Exercise: In the copy of the lines below, leave out pictures and print everything else exactly.

Stored data:
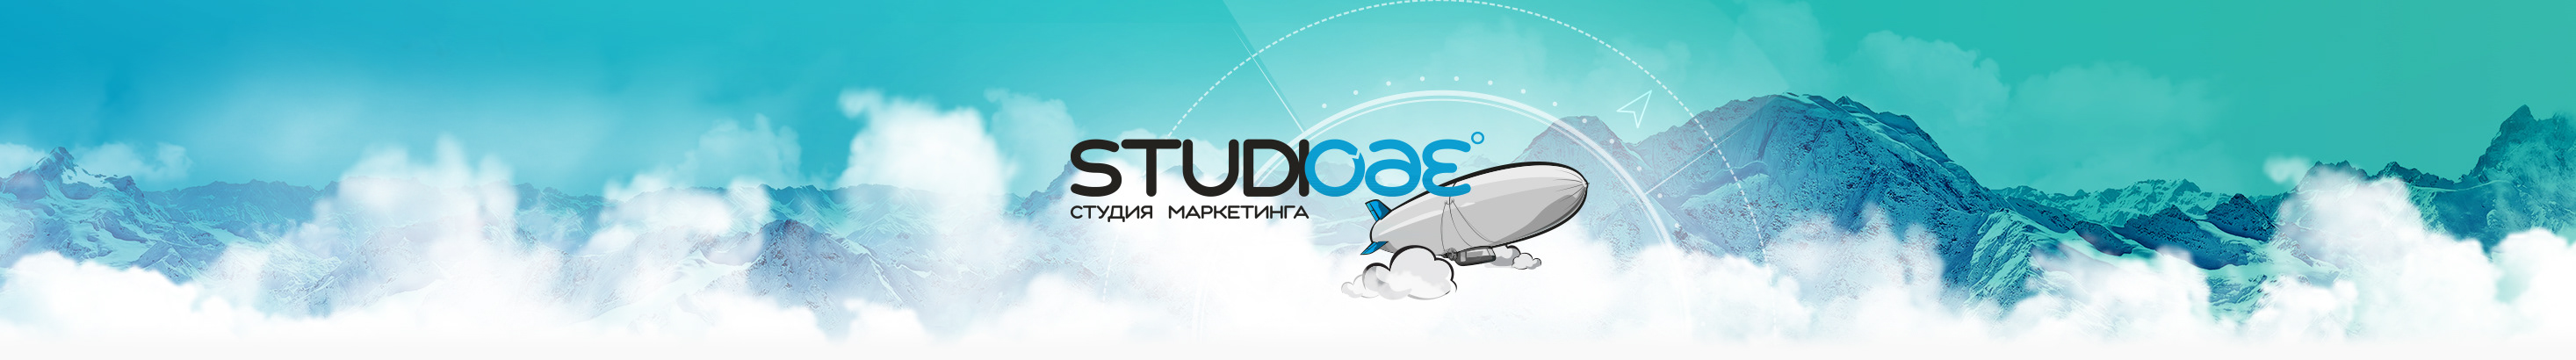 STUDIO 360's profile banner
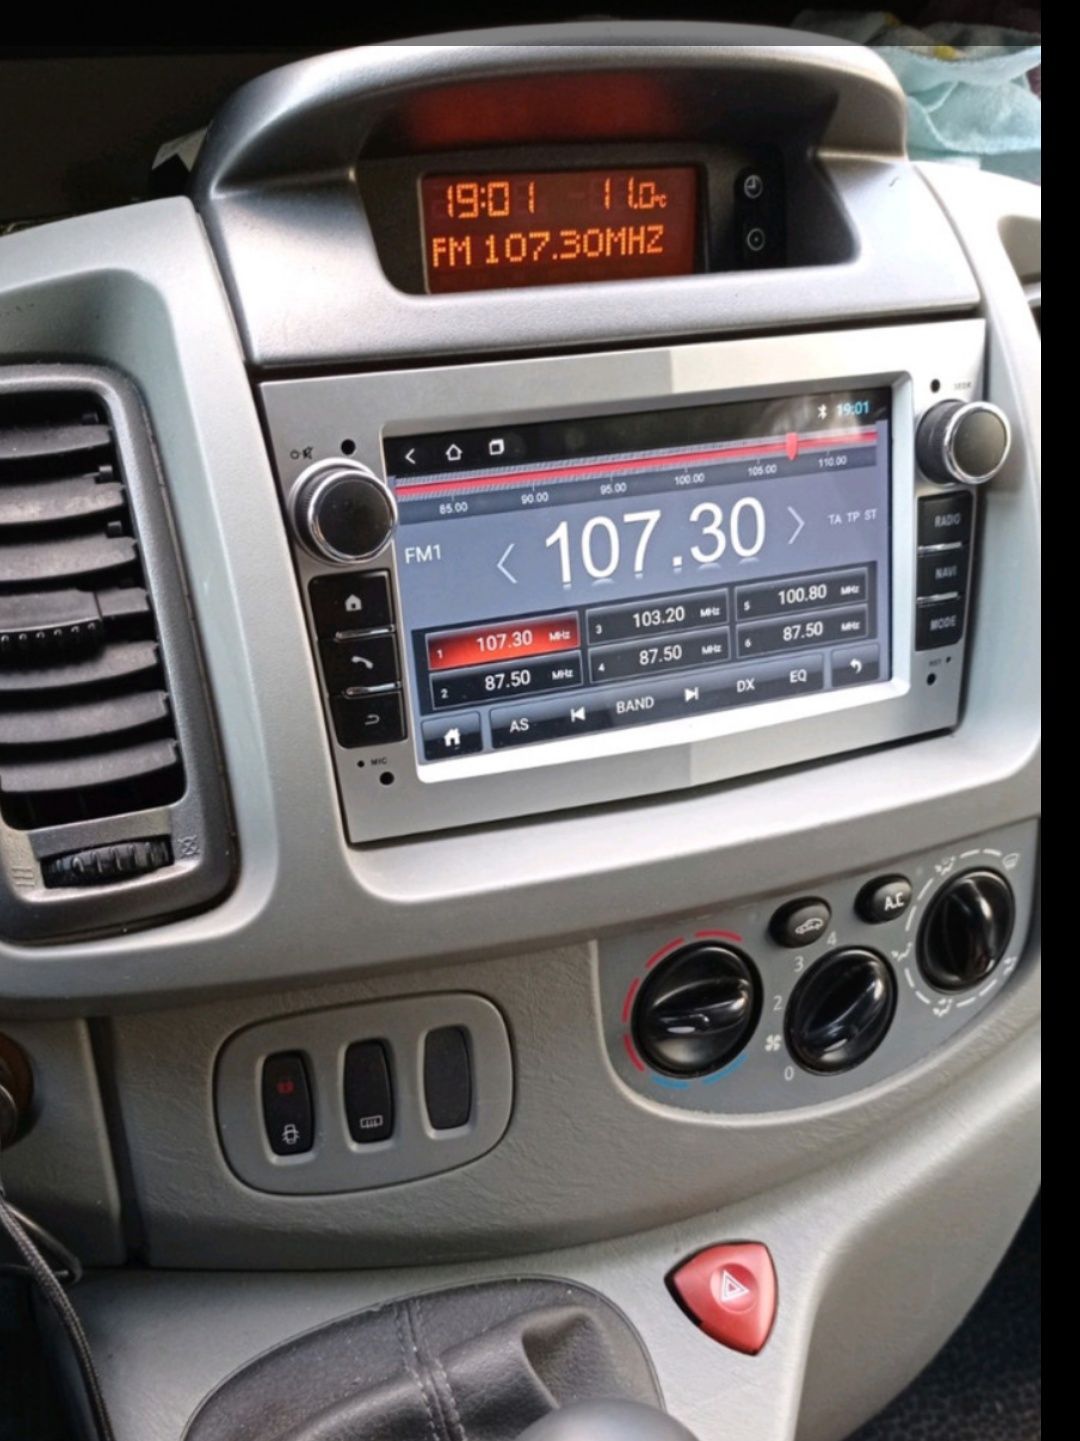 Штатная Андроид магнитола Opel Vivaro, Renault Traffic с экраном 10 дю
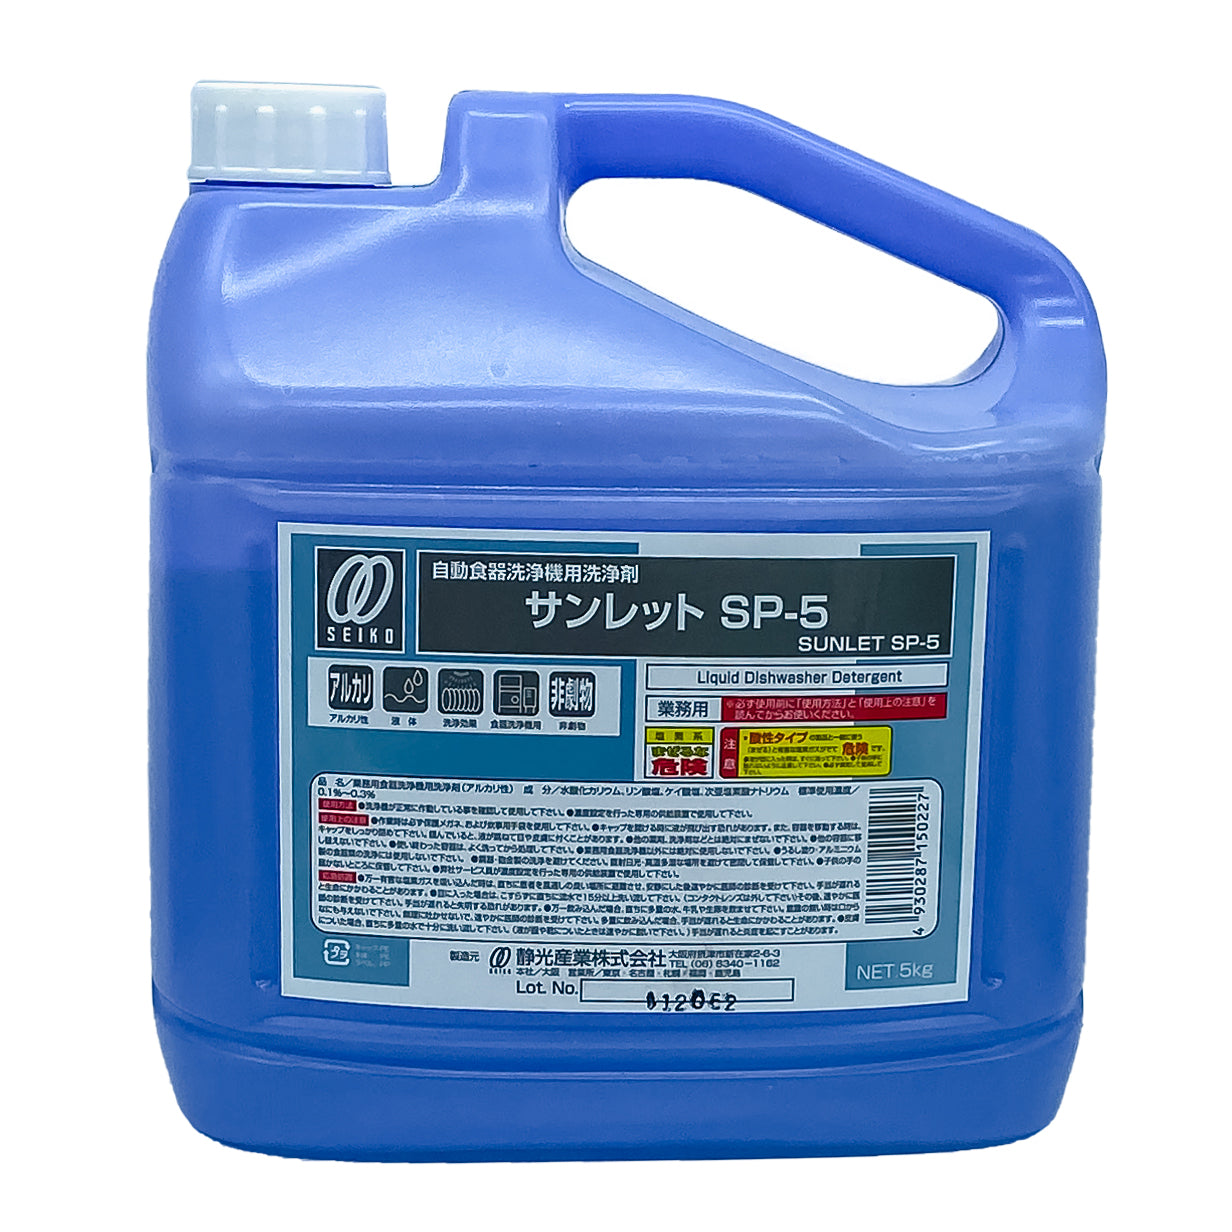 【洗浄機用洗剤】ケース販売 静光産業 サンレット SP-5 5kg 2個セット

Final answer:
 STUDIO 360's profile banner
 Штатная Андроид магнитола Opel Vivaro, Renault Traffic с экраном 10 дю
 【洗浄機用洗剤】ケース販売 静光産業 サンレット SP-5 5kg 2個セット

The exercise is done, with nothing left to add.